# Restaurant Stock AI Agent

`02 · ai-warehouse · MVP`

Restaurant stock AI agent with two-tier Gemini routing and draft→Confirm safety boundary. Receipts, prep and write-offs start in Telegram; the WebApp keeps review, WAC and dashboard impact visible.

**Scope:** Solo · 1 week  
**Role:** AI-assisted restaurant stock operations

**Video:** [YouTube](https://www.youtube.com/watch?v=TwxmVN6JNvA) · [RuTube](https://rutube.ru/video/private/5031a5bb3f1f25bfe0961a75b1b9791a/?p=co_lT-Rej-FrcN6r7dpcyw)

## Video walkthrough

Restaurant stock operations split between Telegram (messy receipt photos, prep batches, write-offs as text or kitchen slips) and a WebApp that keeps every draft reviewable before stock moves. The agent reads receipts, expands dishes into ingredients, updates weighted average cost on confirm, and answers free-form warehouse questions with order recommendations.

AI stock operations for restaurants — receipts, prep work and write-offs start in Telegram, while the WebApp keeps every number reviewable.

The dashboard shows today, week and month: revenue, food cost, purchases, deductions and stock value, with compact charts for the working day.

Stock highlights what needs attention. Two frozen items are out, so the team restocks and sends the store receipt to the bot.

The AI reads the photo, matches food, drinks and operating supplies to stock categories, and creates a draft. Review it in the WebApp, then confirm — stock and weighted average cost update immediately.

Preparation batches are tracked too. When the kitchen makes pizza dough, tomato sauce, burger patties or marinated chicken, the team can tell the agent what was prepared, or add the batch manually in the WebApp. Ingredients go out, the prepared item comes back in, and costs stay connected.

For sales or write-offs, send the kitchen order slip, or just describe it in text. The AI recognizes the dishes, expands them into ingredients and prepares the deduction. Confirm it, and the dashboard moves again.

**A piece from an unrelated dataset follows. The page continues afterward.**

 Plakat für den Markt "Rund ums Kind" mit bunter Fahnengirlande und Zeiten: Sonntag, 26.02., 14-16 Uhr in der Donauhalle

Then ask the agent anything about your warehouse — for example, how the month went. It analyzes historical supplies, deductions, revenue, food cost, stock movement and out-of-stock items, then returns recommendations for the next order.

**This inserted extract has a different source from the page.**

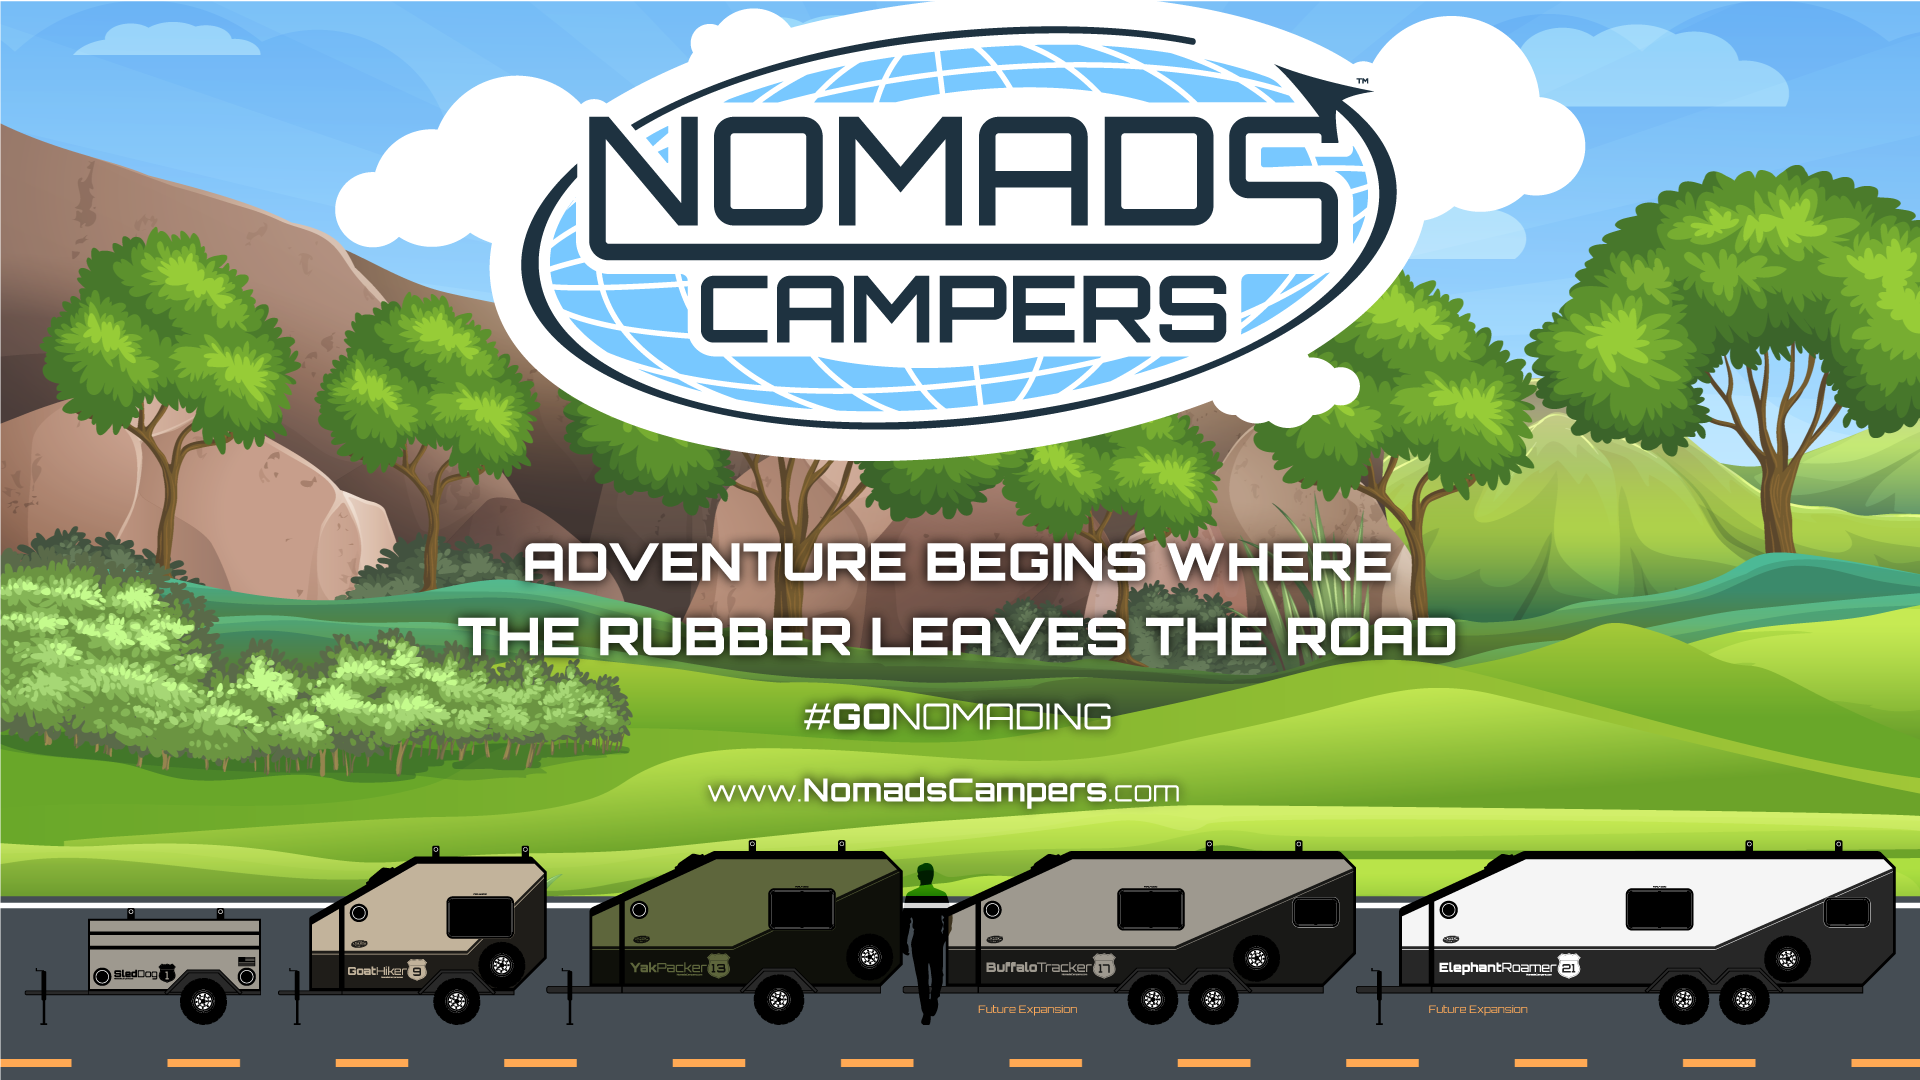 Nomads Campers

Telegram handles messy input. The WebApp handles review. The dashboard shows the business impact.

---

## Context

> The model drafts. The human confirms. The dashboard shows impact.

Restaurant inventory drifts from records faster than anyone in the kitchen has time to log it. Receipts arrive on paper or by voice; supplies, dish deductions and pre-prepared bases each follow different math; weighted-average cost only stays correct if every operation hits the books on time. The cost of skipping a few entries is invisible until inventory swings — and by then the trail is gone.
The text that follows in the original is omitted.